Facets on climate division

SELECT DISTINCT ?facetName ?facetValue ?facetCount WHERE {
  # note empty query is allowed and will just match all documents, hence no elastic:query
  ?r a inst:kwg_index_v2_updated ;
    :facetFields "climateDivisionName" ;
    :facets _:f .
  _:f :facetName ?facetName .
  _:f :facetValue ?facetValue .
  _:f :facetCount ?facetCount .

There is a limit to results returned by facet queries (see the size parameter information in The maximum is 250 and the default is set to be 10. We should keep using SPARQL queries.

zilongliu-geo commented 2 years ago

suspected We do not need to use s2cells here. There is a kwg-ont:locatedIn relation linking a USClimateDivision and an AdministrativeRegion. image

zilongliu-geo commented 2 years ago

@seilagonzalez kwg prefix, SPARQL endpoint, place facet queries are updated and a getInstance function is added:

zilongliu-geo commented 2 years ago

Expertise and Hazard facet queries are updated:

zilongliu-geo commented 2 years ago

Anyone know why these two queries (which are supposed to do the same job) would return different number of records?

PREFIX inst: <>
PREFIX rdfs: <>
PREFIX kwg-ont: <>

SELECT DISTINCT ?entity ?place {
  ?search a inst:kwg_index_v2_updated ;
 :orderBy "-label" ;
:entities ?entity .
 ?entity kwg-ont:locatedIn ?place.
PREFIX inst: <>
PREFIX rdfs: <>
PREFIX kwg-ont: <>

SELECT DISTINCT ?entity ?place {
 ?entity kwg-ont:locatedIn ?place.
seilagonzalez commented 2 years ago

if I run this

SELECT DISTINCT (count(distinct ?entity) as ?count){
  ?search a inst:kwg_index_v2_updated ;
  :orderBy "label" ;
  :entities ?entity .
 ?entity kwg-ont:locatedIn ?place.
    ?entity a ?type.

I get 8276 if I do. this one

SELECT DISTINCT (count(distinct ?entity) as ?count){
  ?search a inst:kwg_index_v2_updated ;
  :orderBy "-label" ;
  :entities ?entity .
 ?entity kwg-ont:locatedIn ?place.
    ?entity a ?type.

I get 1783 results.

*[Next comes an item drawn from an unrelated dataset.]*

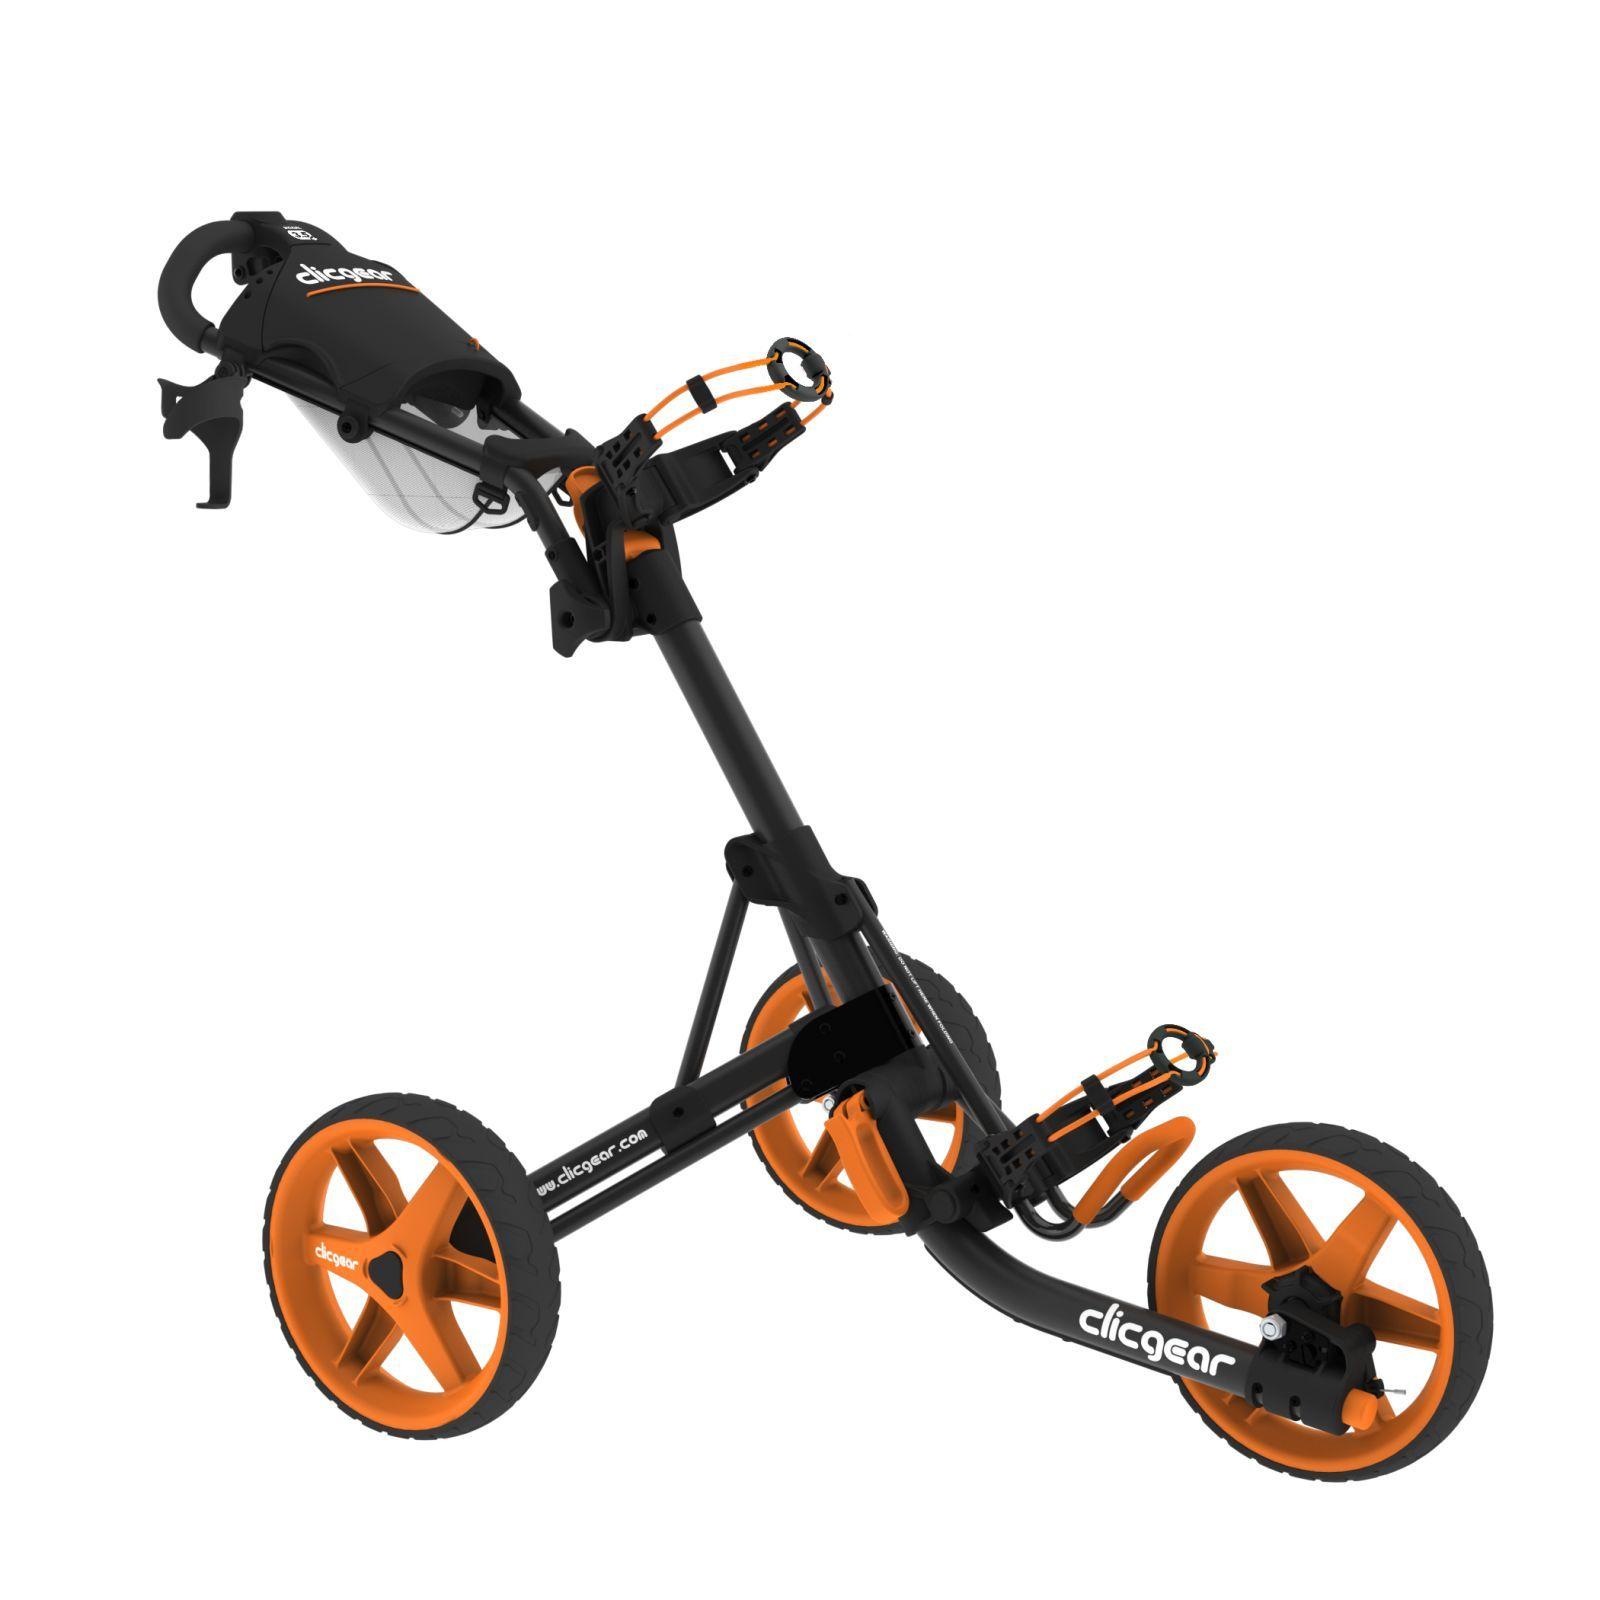 Clicgear 3.5 Plus Golf Trolley
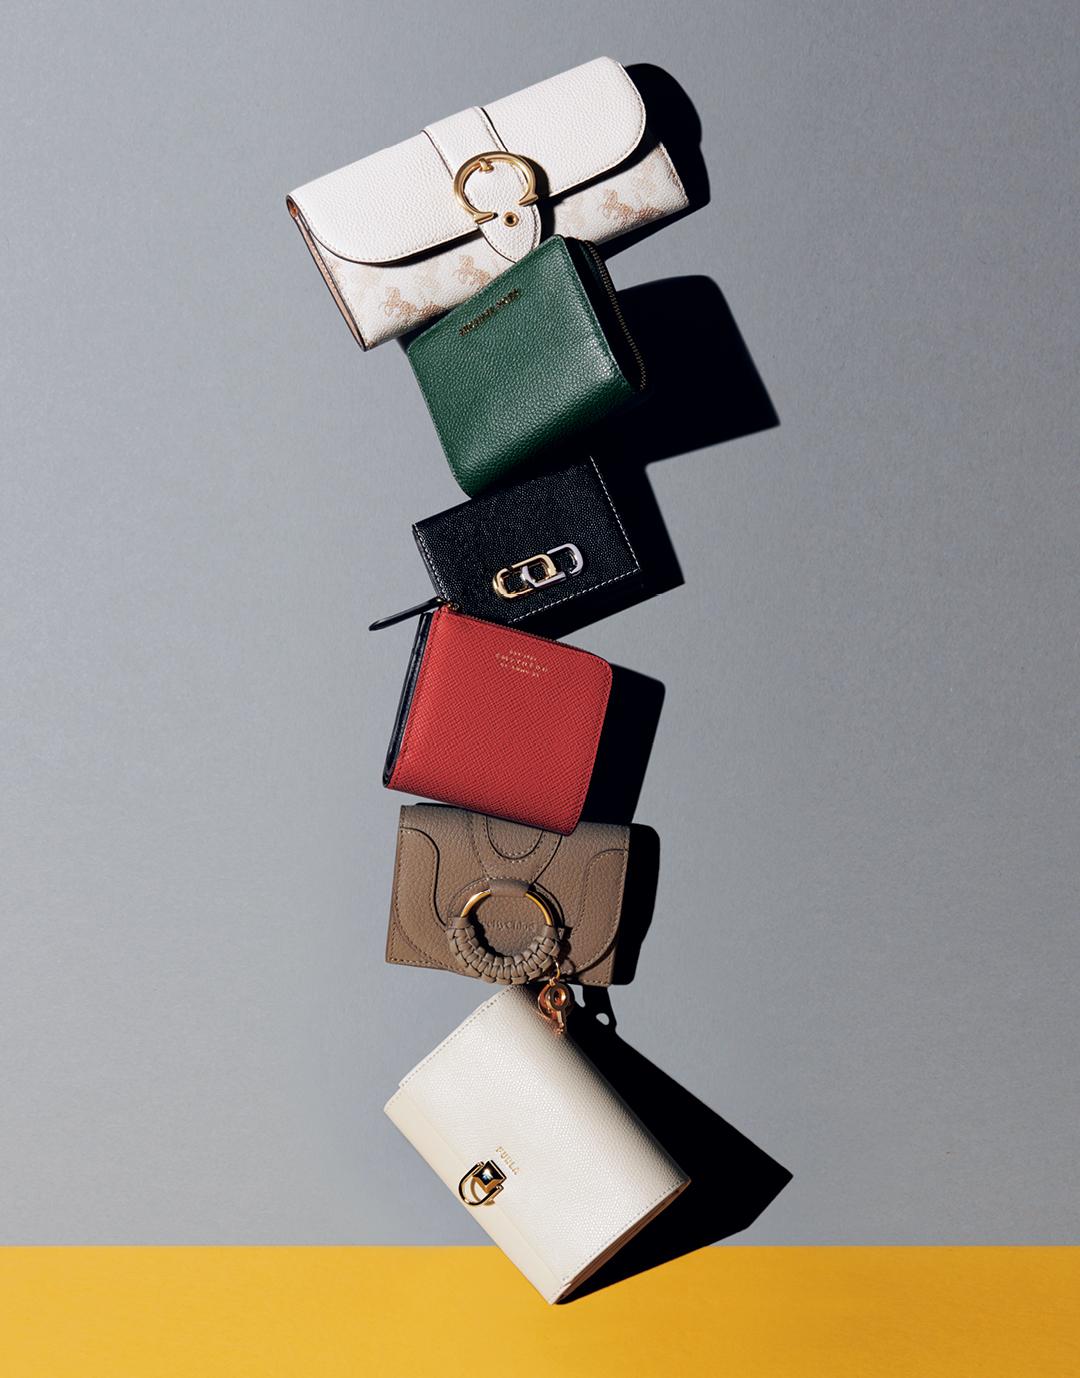 【憧れブランドの財布2021】大人っぽく決める! 新年のおすすめ財布6選_1_3

The symbol - on label needs to be researched.

According to the documentation: "Each field can be prefixed with a minus to indicate sorting in descending order."

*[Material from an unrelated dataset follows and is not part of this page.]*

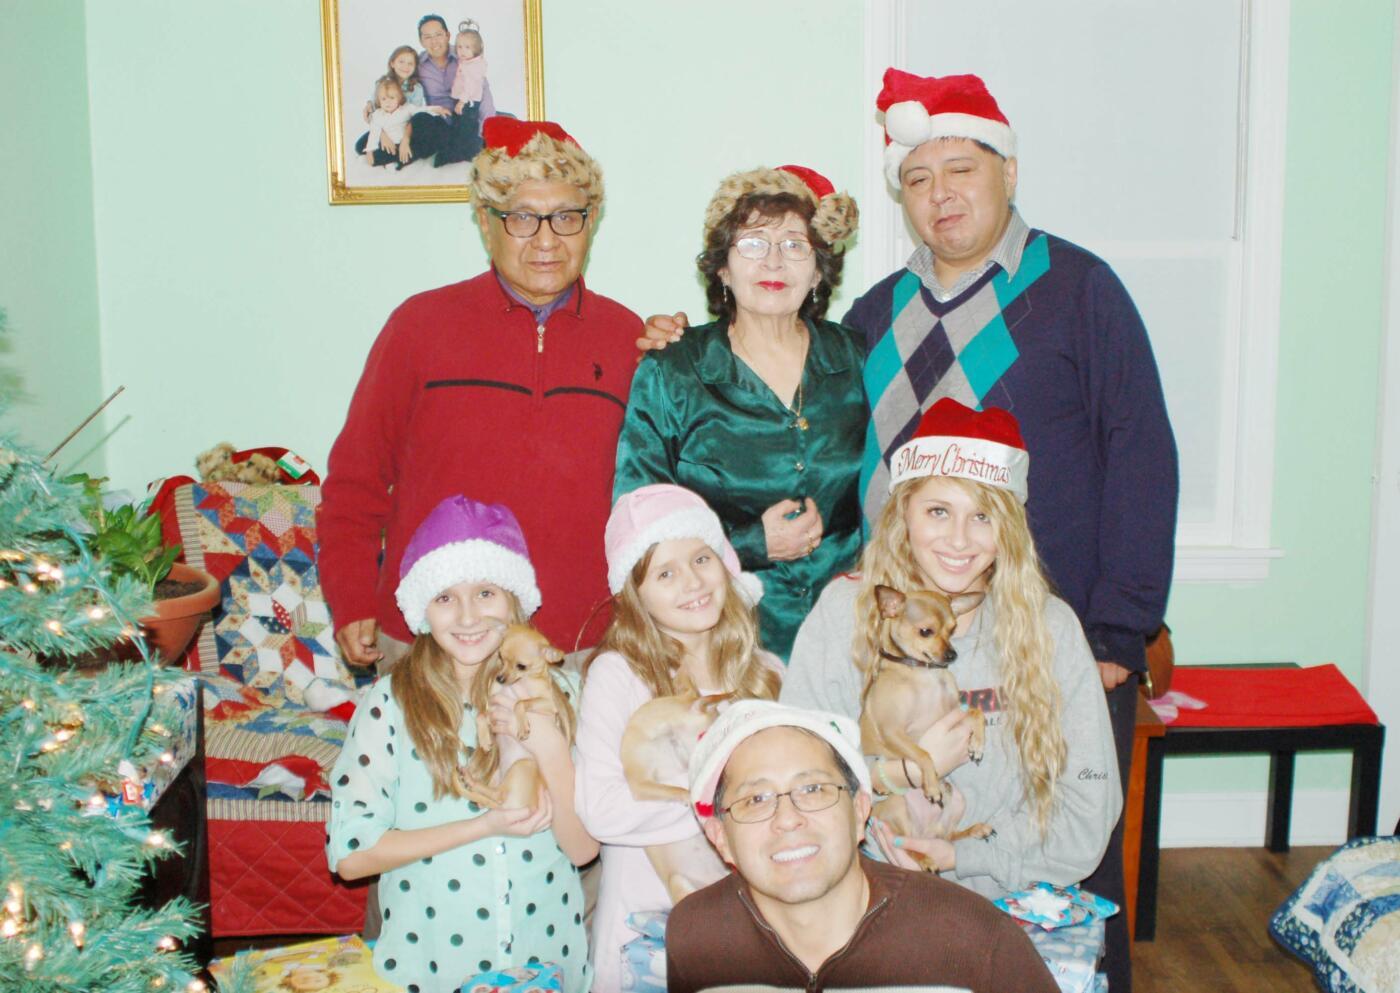 Navidad es esperanza, amor, solidaridad, reflexión, reconciliación y  perdón

purely sparql we get way more. Total of 12596657 results.

seilagonzalez commented 2 years ago

I don't think the index is being configure correctly.

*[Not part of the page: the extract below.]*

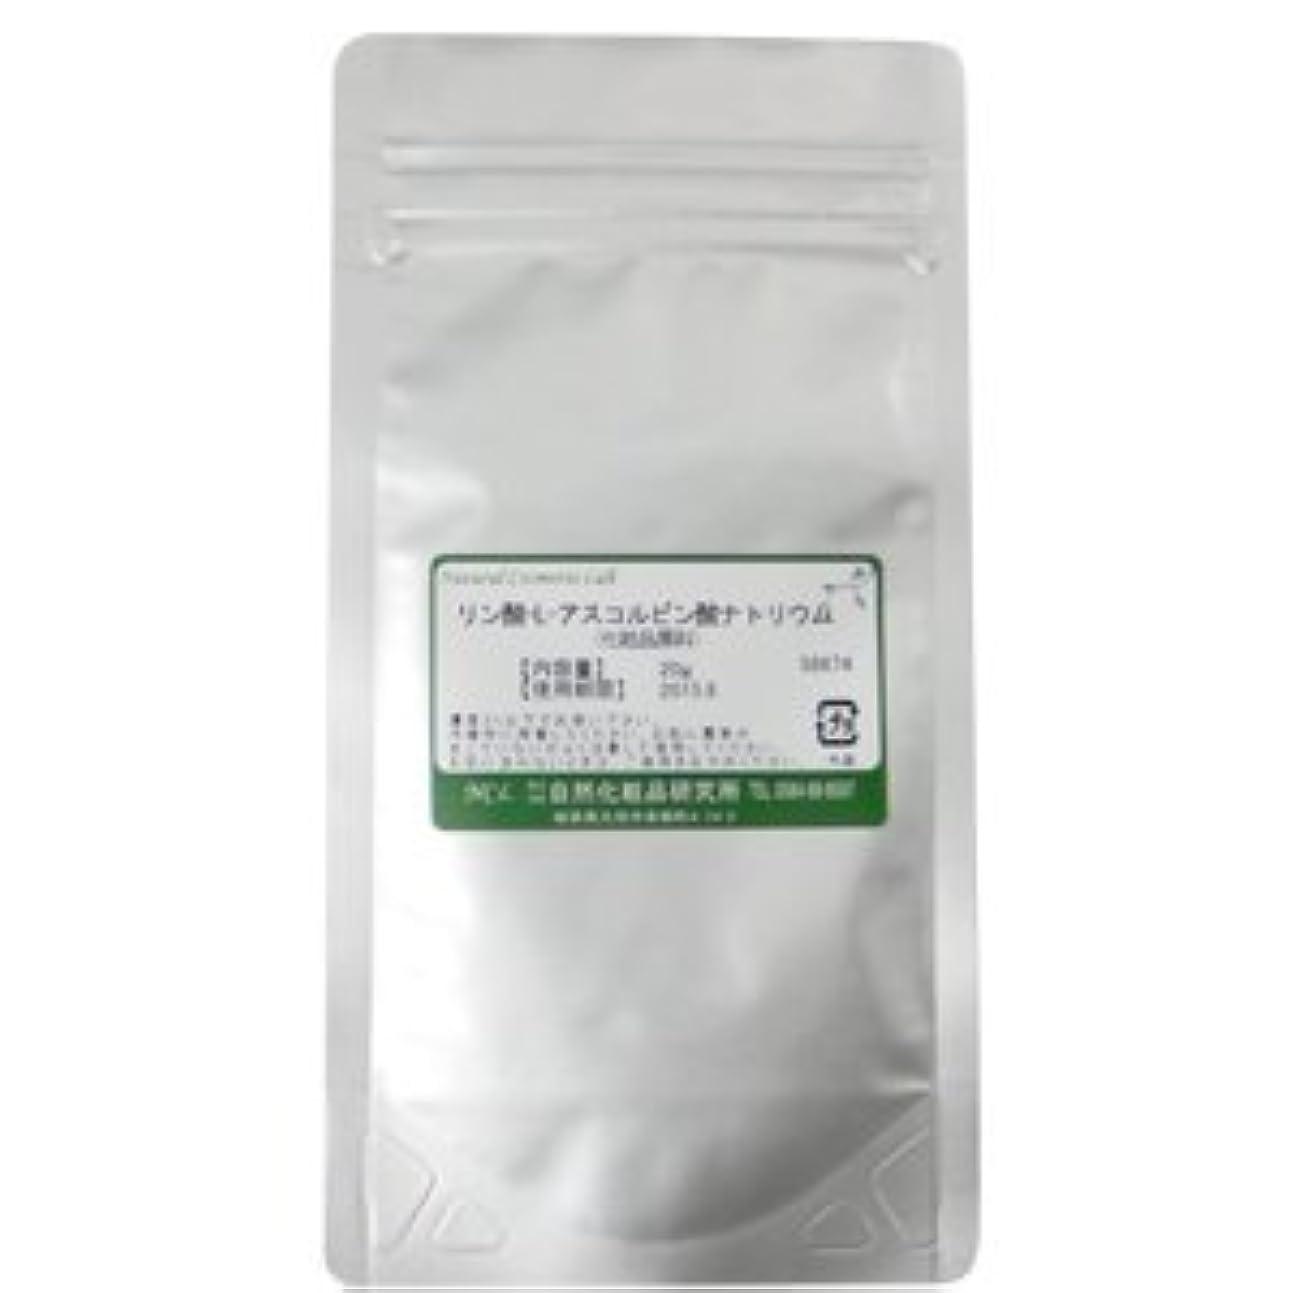 連想コレクションアノイビタミンC誘導体 リン酸-L-アスコルビン酸ナトリウム 化粧品原料 20g

seilagonzalez commented 2 years ago

Maybe for now we should your approach Zilong and only use it for fulltextsearch.

seilagonzalez commented 2 years ago
here is returning all entities even locatedIn Alabama. This is works great as fulltext search.
SELECT ?entity ?label {
  ?search a inst:kwg_index_v2_updated;
      :query "Alabama" ;
      :entities ?entity .
    ?entity rdfs:label ?label.

Labels only gives you the ones with that particular label

SELECT ?entity ?label {
  ?search a inst:kwg_index_v2_updated;
      :query "label:Alabama" ;
      :entities ?entity .
    ?entity rdfs:label ?label.
this one will give me just one result 
seilagonzalez commented 2 years ago

we can close this issue, I think we understand now how we are going to do it.